Tidak sampai Presiden Johnson memanggil Pengawal Nasional bahwa kerusuhan akhirnya dipadamkan. Pada saat itu, 13 orang telah tewas, kebanyakan dari mereka di gedung yang terbakar. Sekitar 7.600 orang ditangkap karena penjarahan dan pembakaran, banyak dari mereka adalah pelanggar pertama. Kebakaran yang terjadi di berbagai lingkungan menyebabkan 2.000 orang kehilangan tempat tinggal dan hampir 5.000 orang menganggur. Butuh beberapa dekade bagi lingkungan untuk pulih sepenuhnya, dan ketika mereka melakukannya, sebagian besar profesional kulit putih yang meriah memperoleh manfaatnya.

Chicago

AP_6804070503_Chicago-WR.jpg Tentara berjaga di depan sebuah supermarket di 63rd Street di Chicago's South Side pada 7 April 1968. (AP Photo)

Komunitas Afrika-Amerika di Kota Kedua memiliki hubungan khusus dengan King, yang pada tahun 1966 tinggal di Sisi Barat yang dilanda kemiskinan ketika berkampanye untuk perumahan terbuka di kota tersebut. Hampir segera setelah berita kematian Raja tiba, penjarahan dan kerusuhan dimulai. Seorang warga setempat dari Sisi Barat mengatakan kepada Pembela Chicago pada 6 April, “Saya merasa ini adalah pintu yang dilaluinya akan muncul kekerasan. Karena cara Dr. King meninggal, saya bisa jamin itu akan sulit di sini. ”

Pada Jumat malam, sehari setelah pembunuhan Raja, yang pertama dari 3.000 pasukan Garda Nasional Illinois mulai tiba di kota dan disambut oleh tembakan penembak jitu di lingkungan Sisi Barat. Walikota Richard Daley memerintahkan polisi untuk "menembak untuk membunuh pelaku pembakaran apa pun atau siapa pun dengan bom molotov" dan "menembak untuk melukai atau melumpuhkan siapa pun yang menjarah toko di kota kami." Pada saat protes berakhir, 11 orang telah tewas., di mana tujuh kematian disebabkan oleh tembakan, lapor Chicago Defender . Hampir 3.000 orang ditangkap karena menjarah dan membakar.

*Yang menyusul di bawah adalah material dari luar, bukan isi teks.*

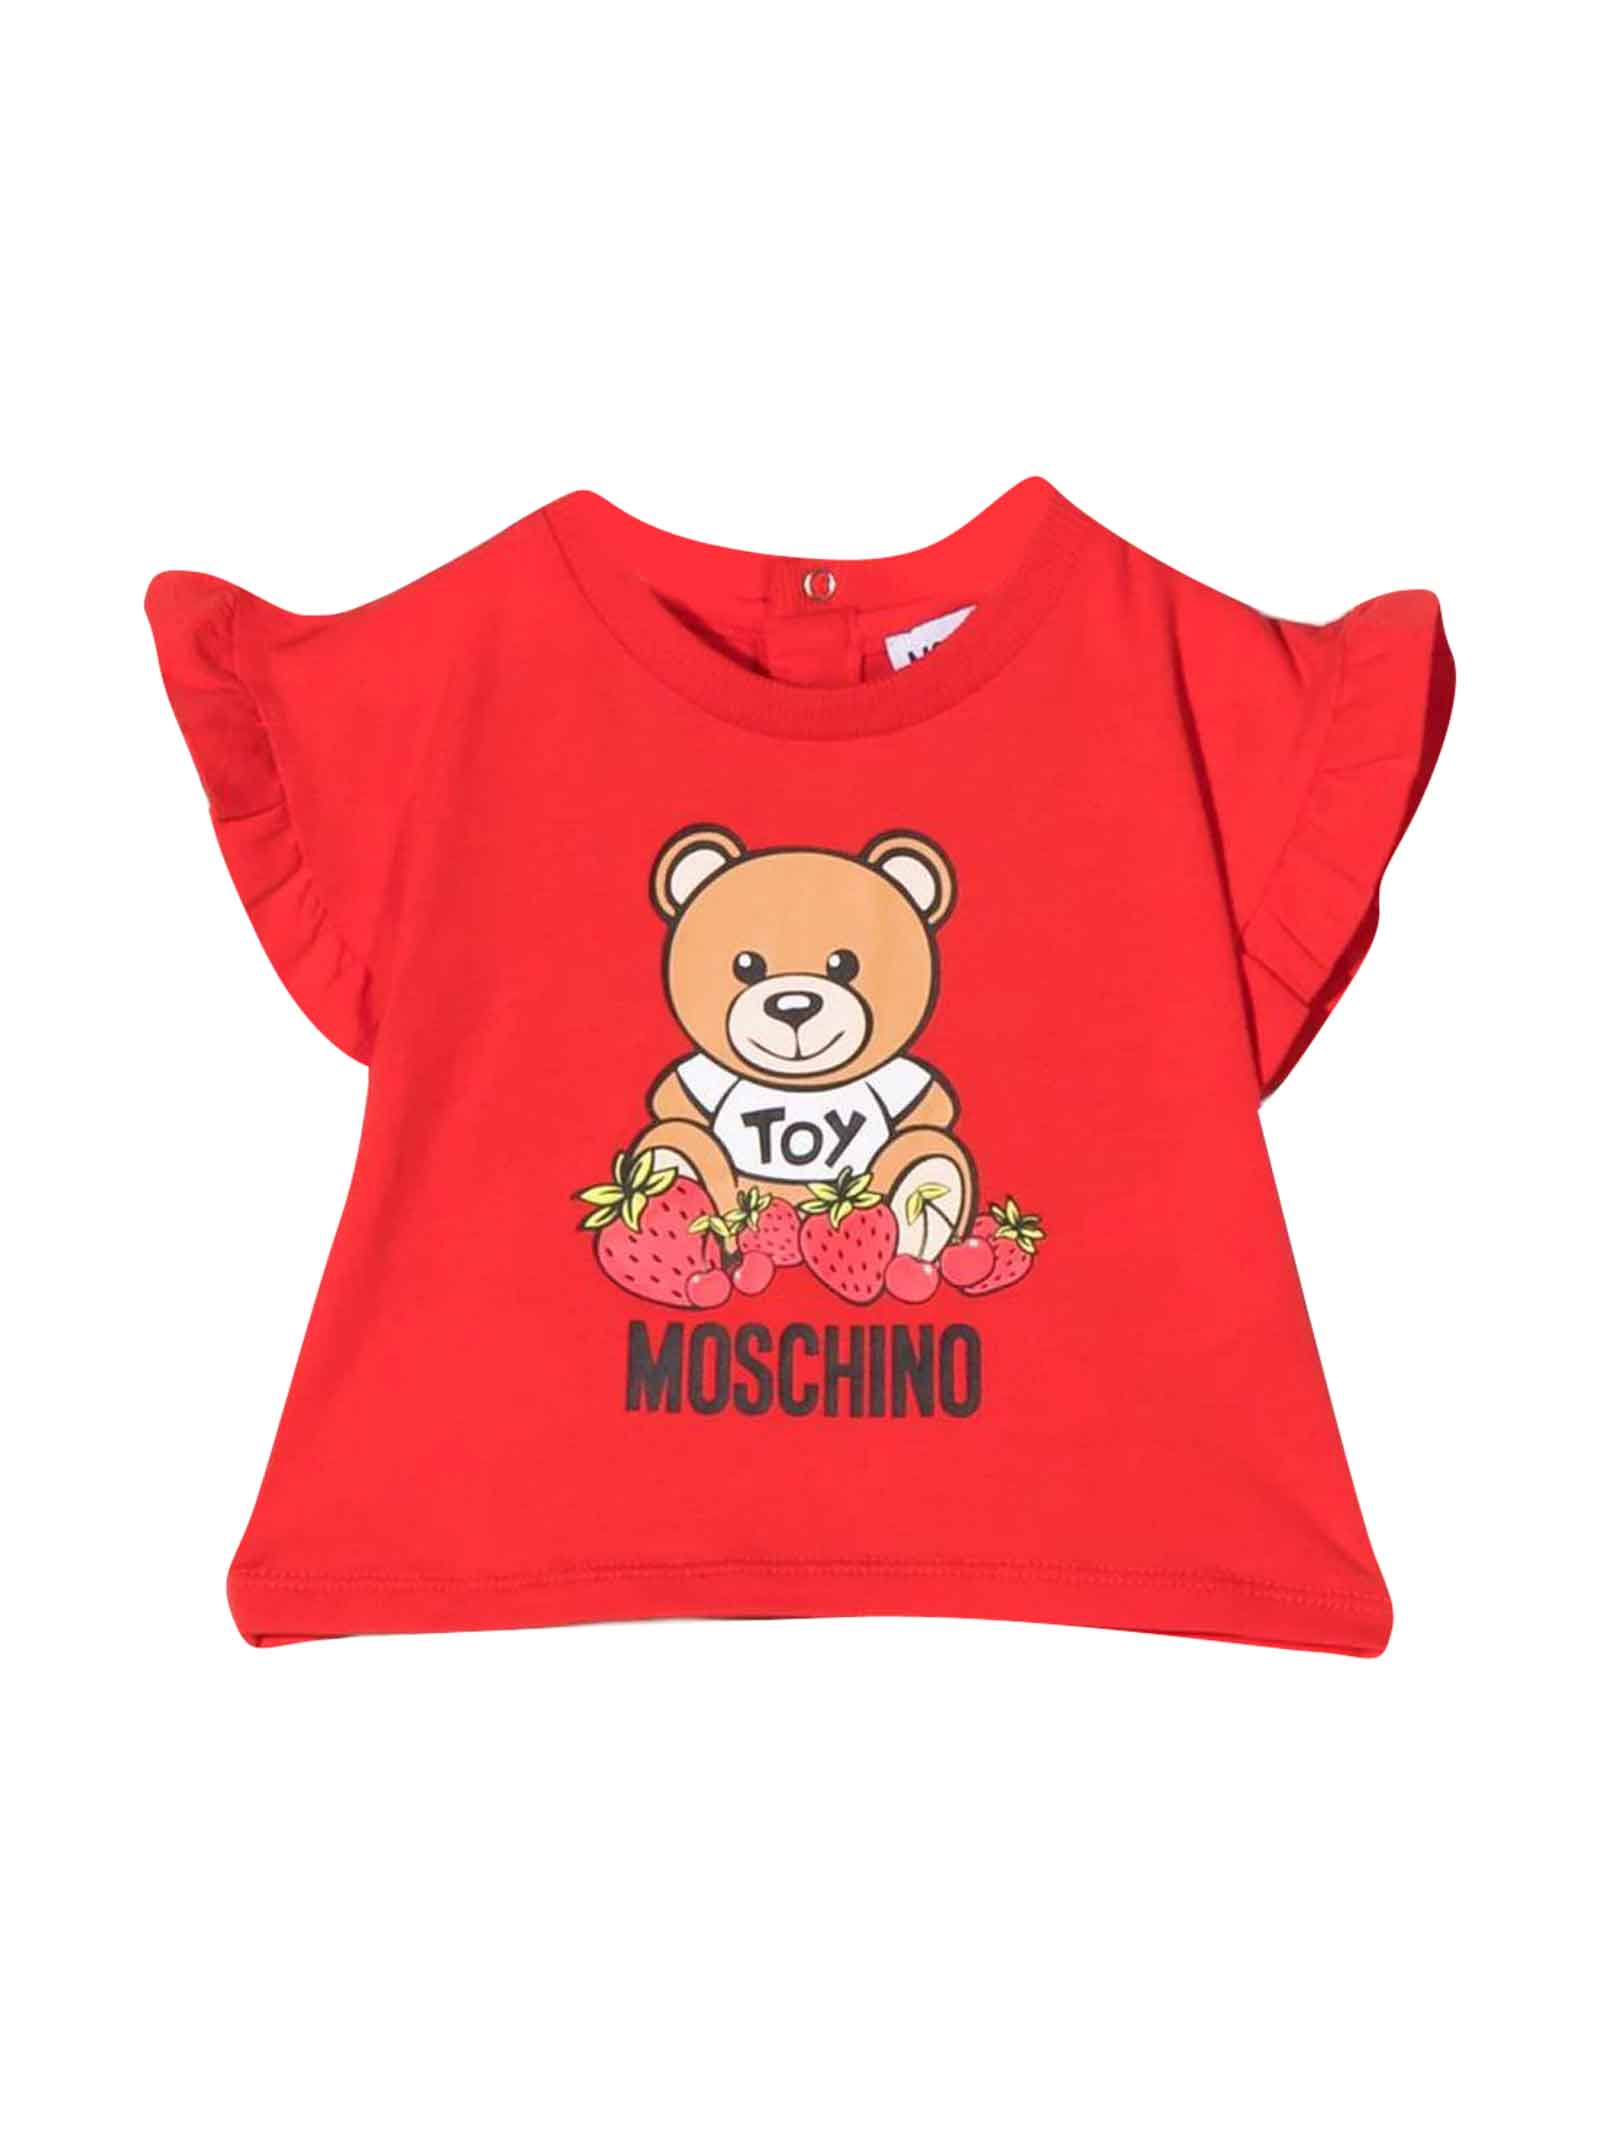 Moschino Unisex Red Baby T-shirt
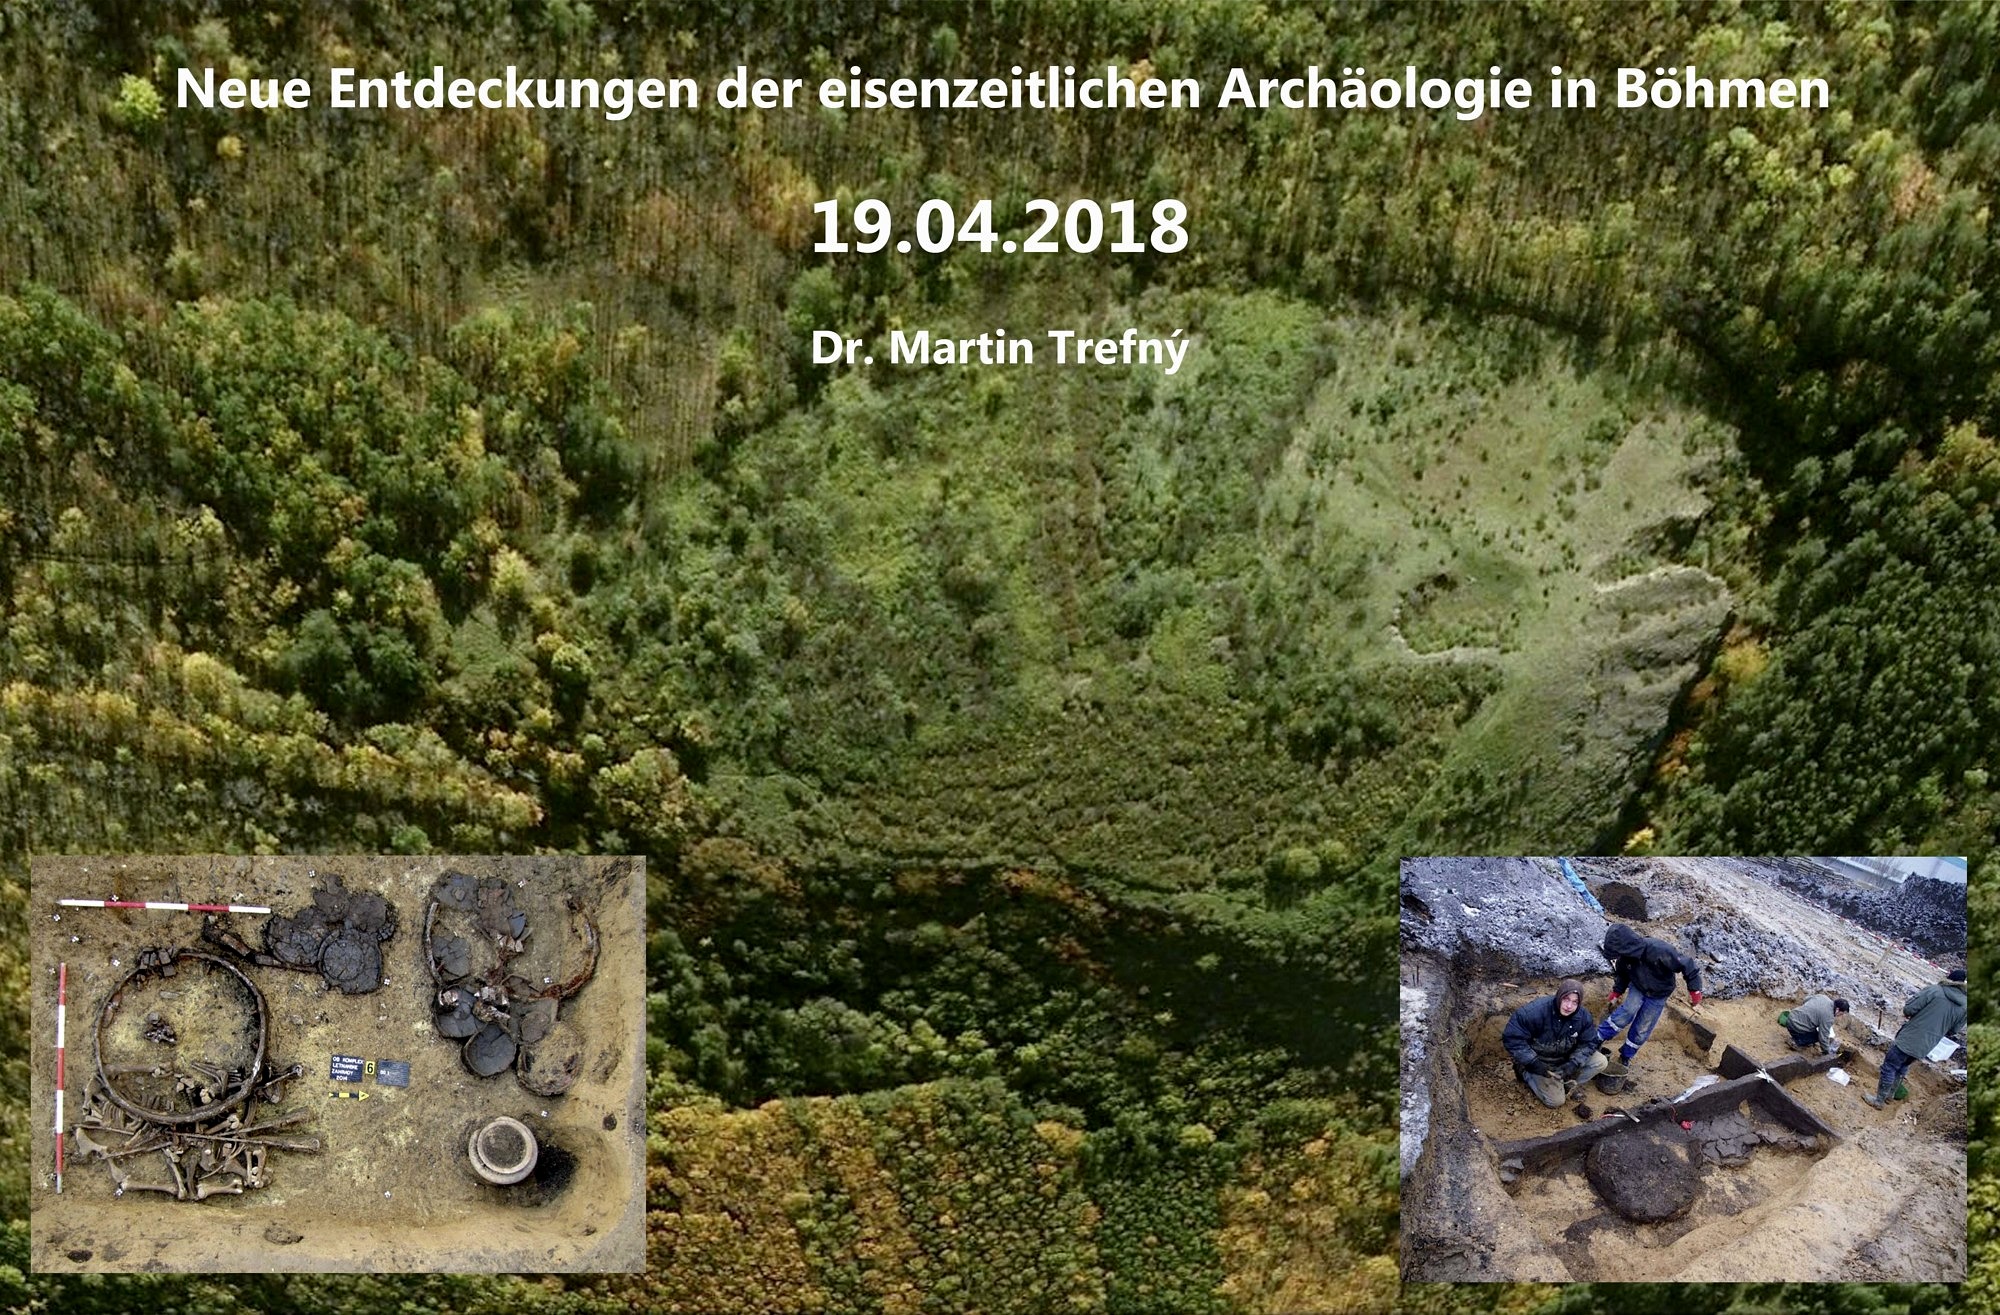 Zum Artikel "Archäologisches Kolloquium am 19.04.2018"

Seperti di Washington, para pemrotes melihat tindakan mereka dalam konteks yang lebih luas tentang segregasi dan ketidaksetaraan. "Kekerasan tidak identik dengan hitam, " tulis seorang kolumnis di Chicago Defender pada 20 April. "Siapa yang menembak Presiden Kennedy? Siapa yang menembak King? Pemberontakan hitam adalah protes sosial terhadap kondisi yang tak tertahankan yang telah dibiarkan terlalu lama. ”

Baltimore

AP_070117029598_Baltimore-WR.jpg Satu dari empat pria kulit hitam yang ditangkap oleh polisi di Baltimore 8 April 1968 membentangkan tangannya lebar-lebar. (Foto AP)

Dari semua kota yang melihat kerusuhan setelah pembunuhan King, Baltimore menempati urutan kedua setelah Washington dalam hal kerusakan. Meskipun kerumunan itu berkumpul di Baltimore Timur pada hari Sabtu. 6 April dimulai dengan damai, mengadakan upacara peringatan, beberapa insiden kecil malam itu dengan cepat menyebabkan jam malam ditetapkan dan kedatangan 6.000 pasukan Garda Nasional. Protes yang meletus setelah itu menyebabkan hampir 1.000 bisnis dibakar atau digeledah; 6 orang tewas dan 700 lainnya luka-luka, dan kerusakan properti diperkirakan mencapai $ 13, 5 juta (sekitar $ 90 juta dalam mata uang hari ini), menurut Departemen Kepolisian Kota Baltimore.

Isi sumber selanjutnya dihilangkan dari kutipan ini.